LEGISLATURE PASSES LANDLORD-FRIENDLY CHANGES TO STATE’S LANDLORD-TENANT LAWS

| Litigation

By:  Nicholas J. Linz, Attorney at Hager, Dewick & Zuengler, S.C

Governor Walker recently signed a bill into law which amends several existing landlord-tenant statutes.  With the passage of 2015 Wisconsin Act 176 (“Act 176”), effective March 2, 2016, landlords are now equipped with a more effective and realistic procedure to address common headaches and remove problem tenants.

While Act 176 revises a number of sections of the State’s landlord-tenant laws, this article will address three changes which may have a significant effect upon local landlords and tenants.  One such change aims to protect landlords and other tenants from criminal and drug-related activity.  Under the old law, a landlord with knowledge of criminal or drug-related activity taking place within a rental unit was required to serve the tenant with a five-day right to cure notice before being able to start an eviction action.  The tenant could avoid eviction by simply stopping the criminal or drug-related activity within the five-day notice period.  From a practical perspective, the five-day right to cure notice was an ineffective tool to curb behavior which significantly increases the landlord’s liability exposure and decreases the safety of the landlord and other tenants.

Act 176 allows landlords to terminate a tenancy by serving a non-curable five-day notice upon a tenant who has engaged in or who permits family members, guests, or invitees to engage in certain criminal or drug related activity within the rental unit.  The notice must contain the following information: (1) notification that the tenant must vacate the rental unit within five days of service of the notice; (2) a description of the criminal or drug-related activity, including the date which it took place and the identity or a description of the person(s) involved; (3) notification that the tenant may seek assistance from legal counsel, a volunteer legal clinic, or a tenant resource center; and (4) notification that the tenant may contest the allegations before a court commissioner or judge if an eviction action is ultimately filed.

A tenant does not need to be arrested for or convicted of a crime to trigger a landlord’s right to terminate tenancy by sending a non-curable five-day notice.  However, not all crimes or drug related activity will trigger such a right and Act 176 does not specifically define which crimes will apply.  The criminal activity must threaten the health, safety, and peaceful enjoyment of other tenants, threaten the health or safety of the landlord, or involve the manufacturing or distribution of controlled substances.  Possession or use of a controlled substance in or around the rental unit will not trigger this right.  Further, the lack of definition as to which criminal activities will apply leaves room for judicial discretion.  Finally, a five-day non-curable notice may not be served upon a tenant who is the victim of the criminal activity.

Another change brought about by Act 176 relates to the service of notice terminating the tenancy of a repeat offender.  The overall procedure has not changed.  A tenant who commits a non-monetary breach of the lease may be served with a five-day right to cure notice.  If the tenant breached the lease again within twelve months, the landlord could terminate tenancy by service of a non-curable fourteen day notice.

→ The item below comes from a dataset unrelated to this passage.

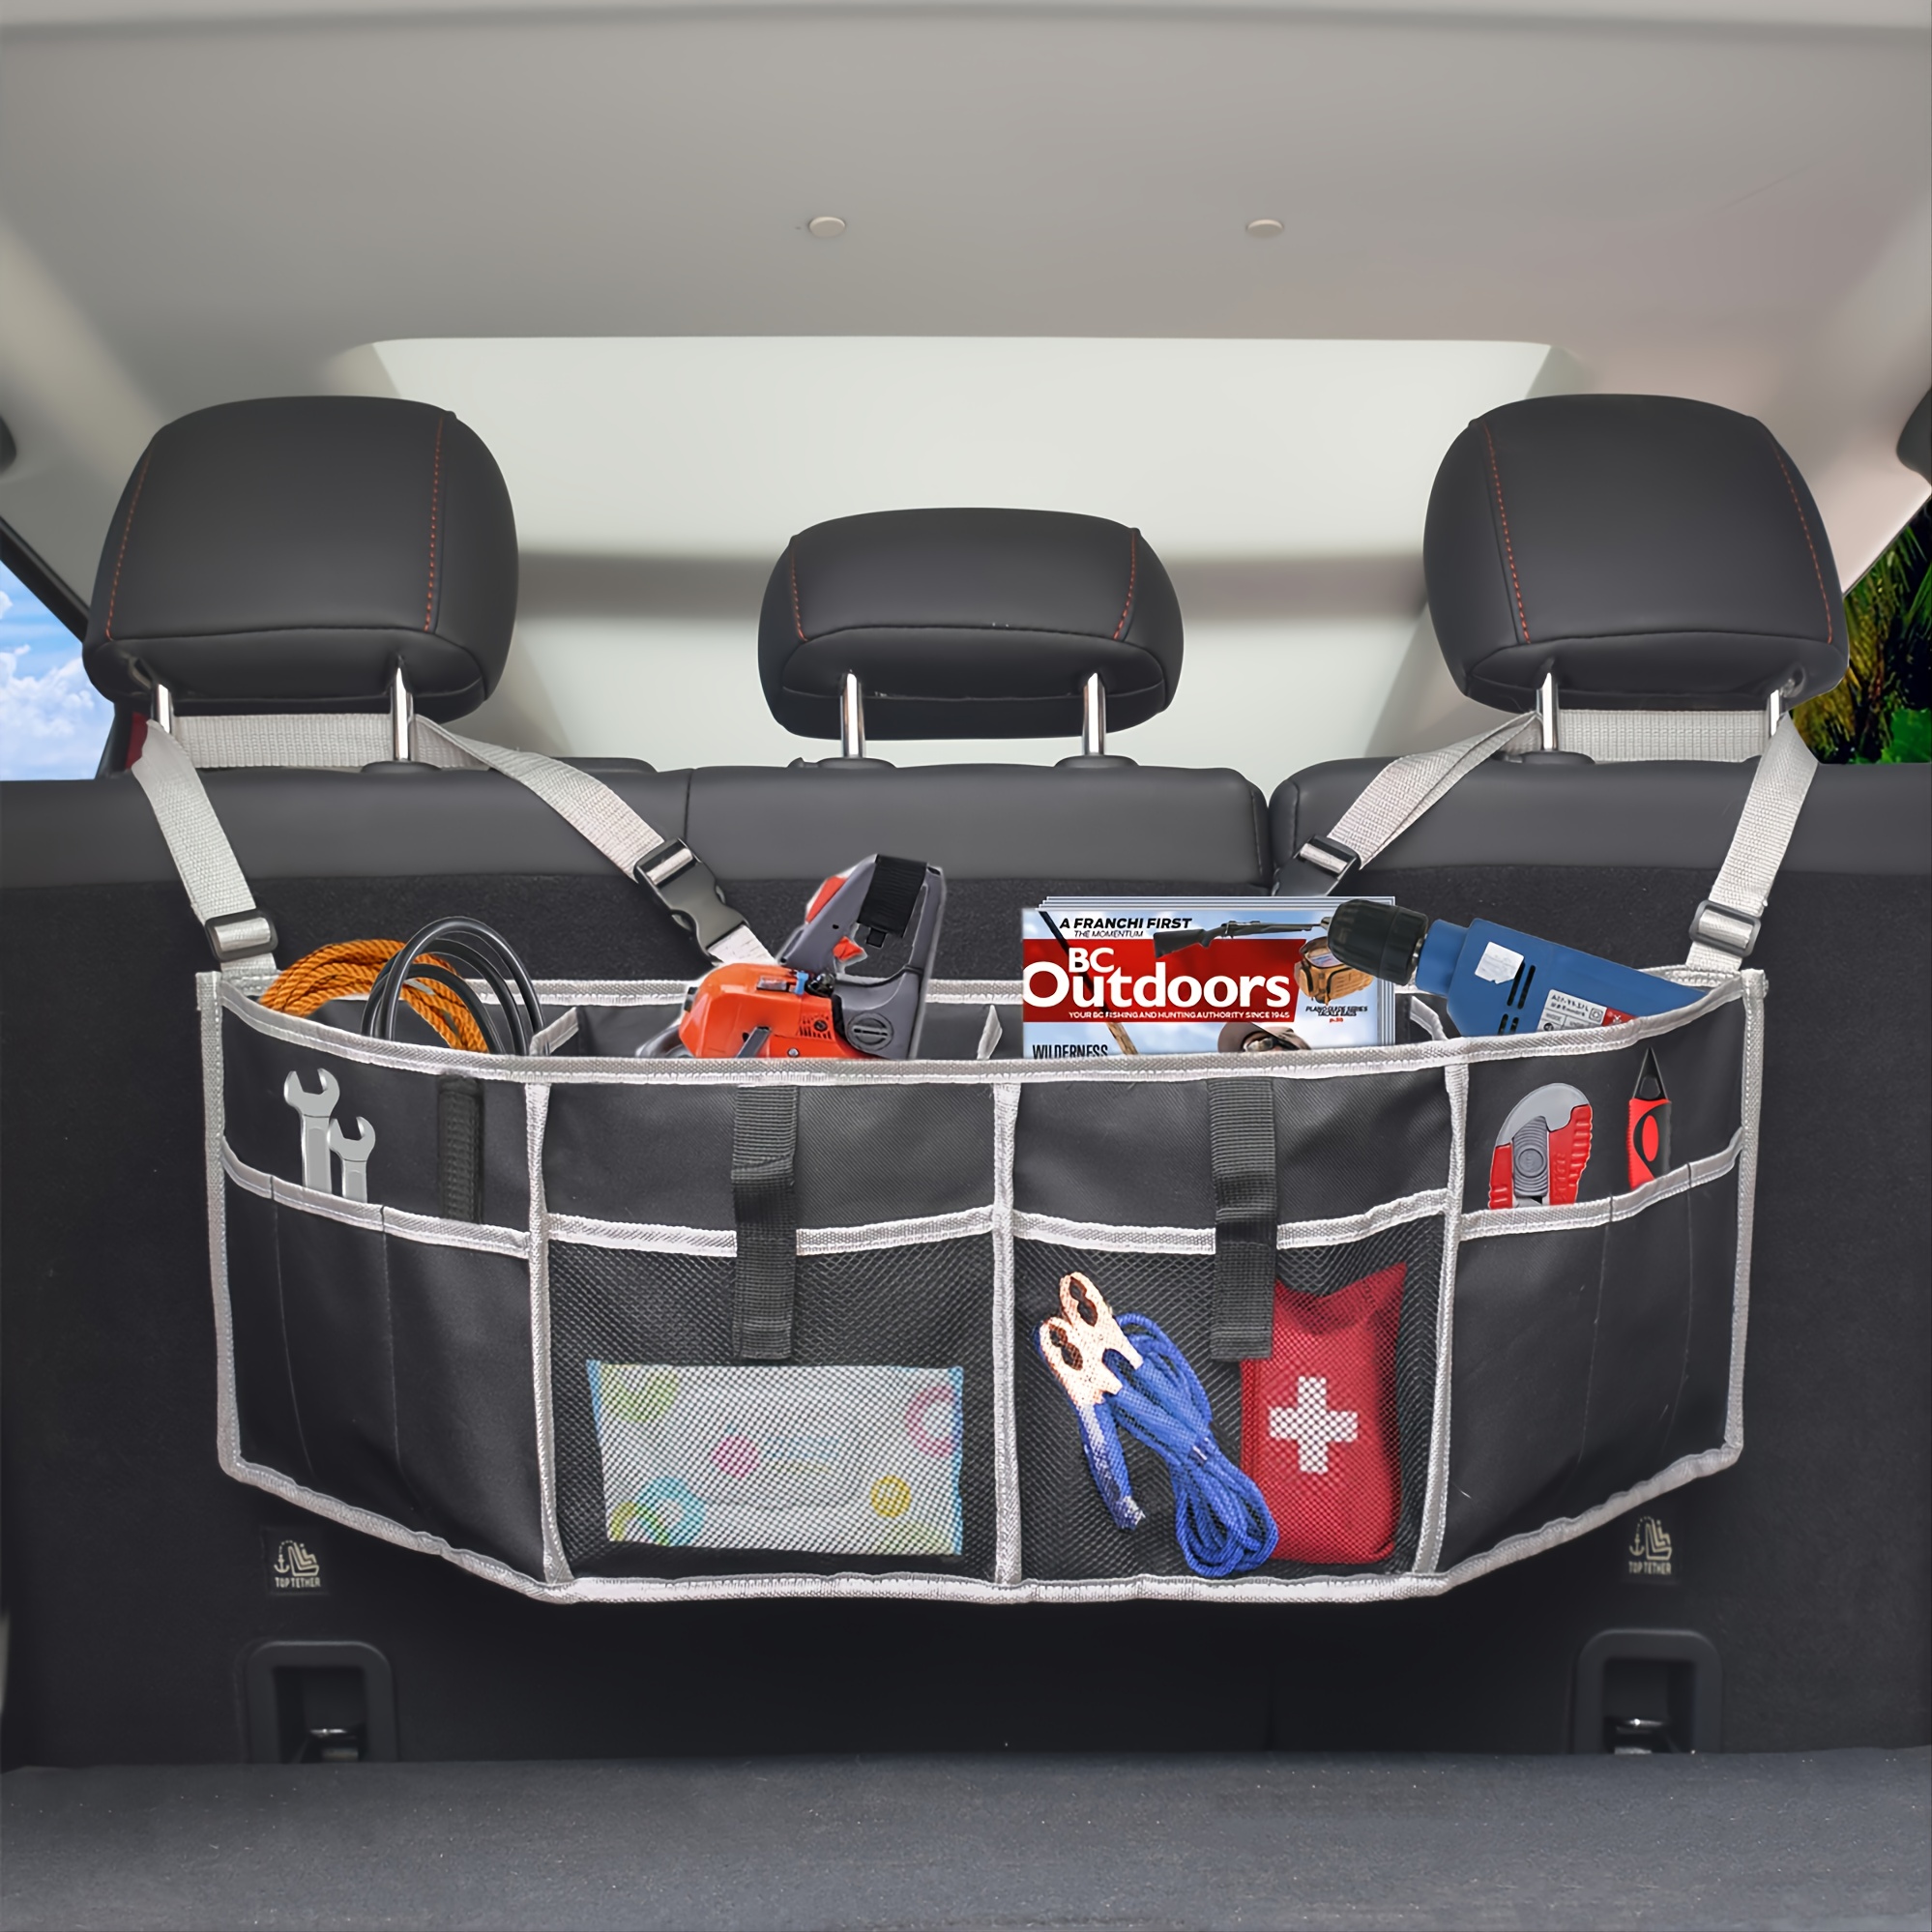 Backseat Trunk Organizer for SUV, Car Hanging Organizer, Foldable Cargo Storage Bag with 12 Pockets, Adjustable Strap for Most Vehicles

Under the old law, the fourteen day notice had to be served prior to the tenant’s remedying the breach.  Practically speaking, it was difficult for landlords to serve this notice contemporaneously while the tenant is committing certain types of repeated but temporary breaches of the lease such as excessive noise, smoking within the rental unit, or illegal parking.  Act 176 allows landlords to serve a fourteen-day non-curable notice terminating tenancy after the repeated breach has occurred.  Notwithstanding this change, a landlord who wishes to terminate a tenancy with a fourteen-day notice should promptly serve it upon the tenant, so as to avoid the inference that the landlord has acquiesced to the tenant’s continued tenancy in spite of the breach.

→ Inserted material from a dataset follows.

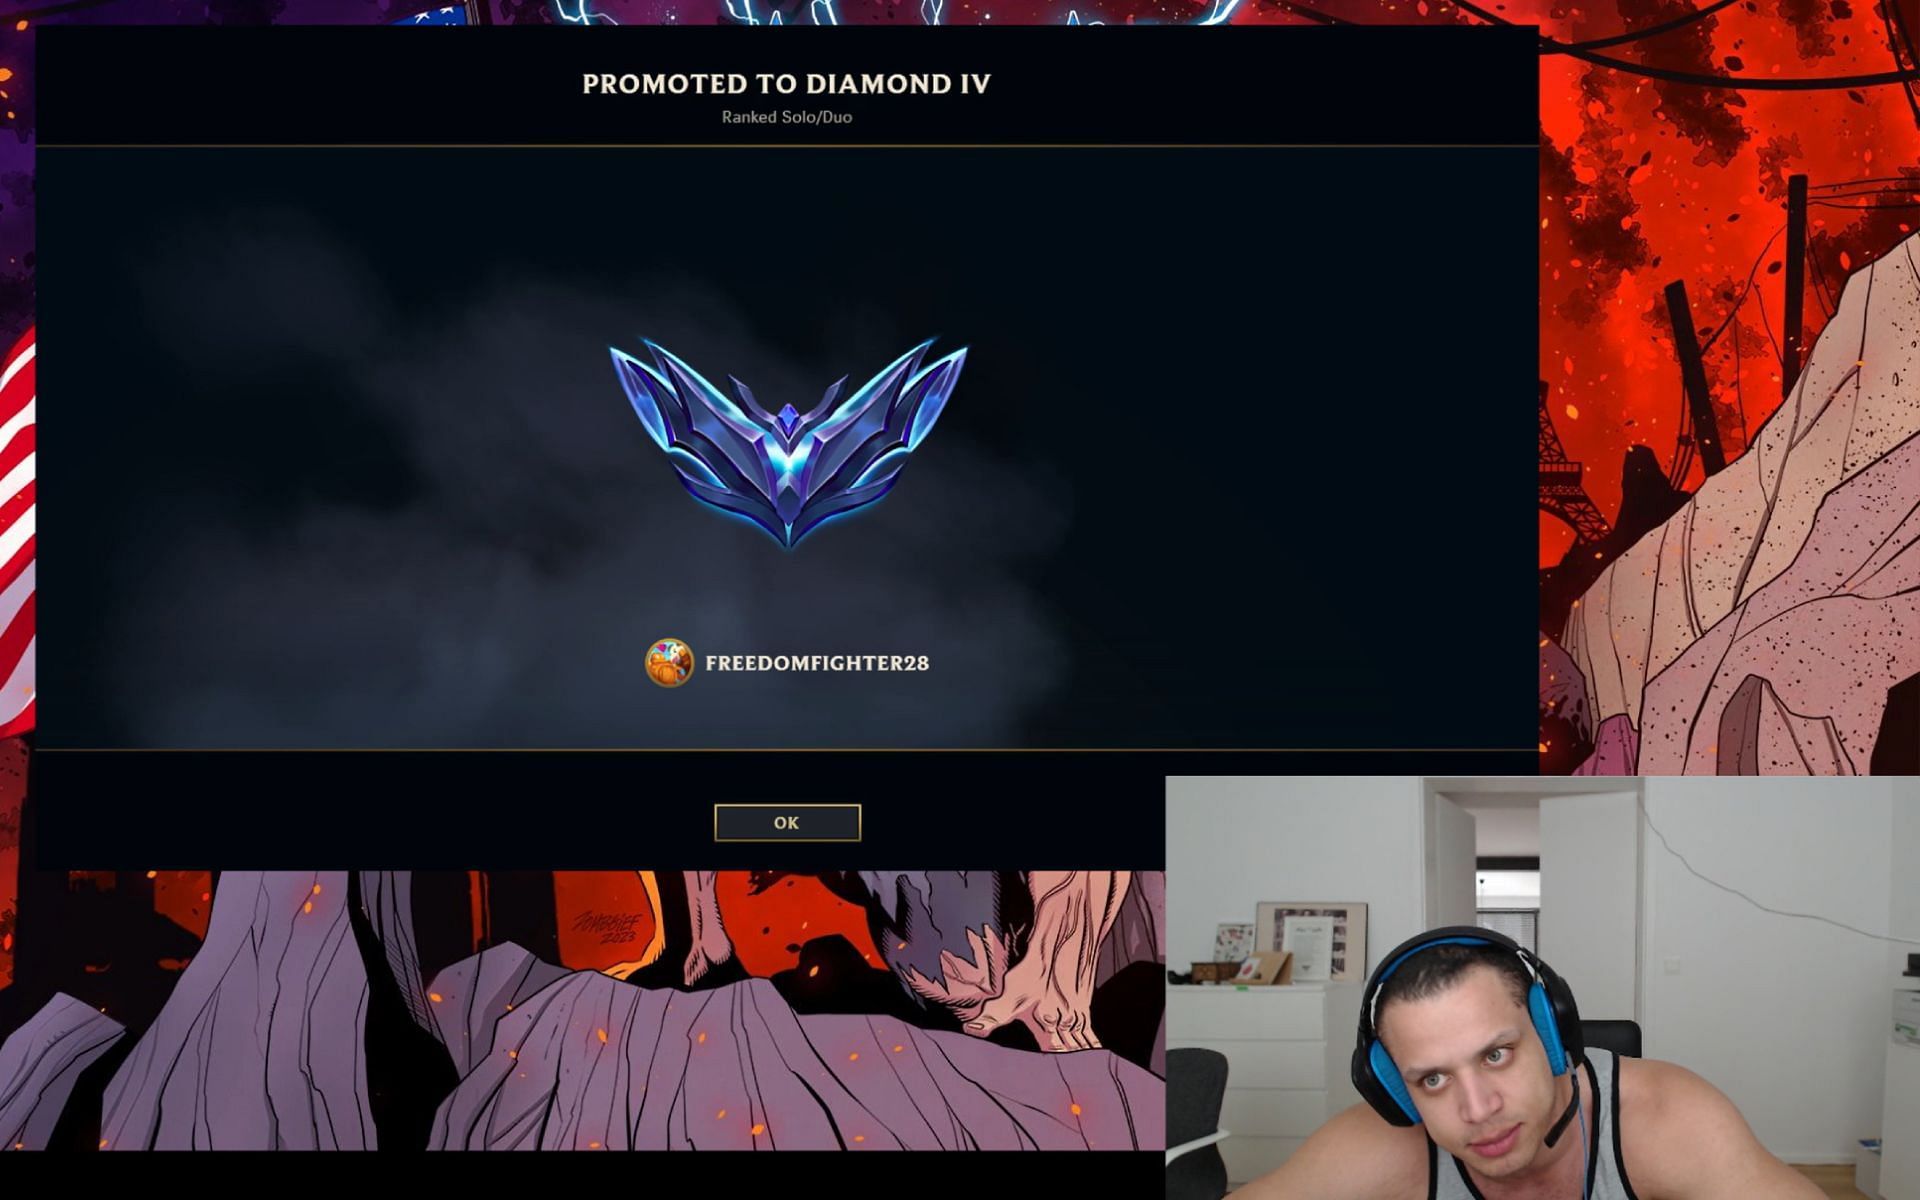 Tyler1 reached Diamond 4 on the EUW server on March 19, 2023 (Image via Tyler1/Twitch)

The final change which this article will mention relates to dealing with trespassers.  The definition of a trespasser has been redefined to mean anyone who remains on the property after consent is withdrawn from a lawful tenant, or landlord (if there is no lawful tenant).  Further, Act 176 requires that law enforcement have a written policy requiring officers with probable cause that a trespass is being committed to remove the trespasser from the property.  This change may be useful for tenants who wish to remove a guest, ex-boyfriend, or ex-girlfriend who is not on the lease and who refuses to leave.  If a trespasser is removed from the property and leaves personal property behind, the landlord must hold the personal property for a period of at least seven days before disposing of it.

The topics discussed in this article are among those which are most likely to have a significant impact upon local landlords and tenants.  However, this article does not address Act 176 in its entirety.  Those interested in learning more about the changes brought about by the passage of Act 176, and how said changes may effect leases and/or notices to tenants, should contact an attorney with knowledge of landlord-tenant law.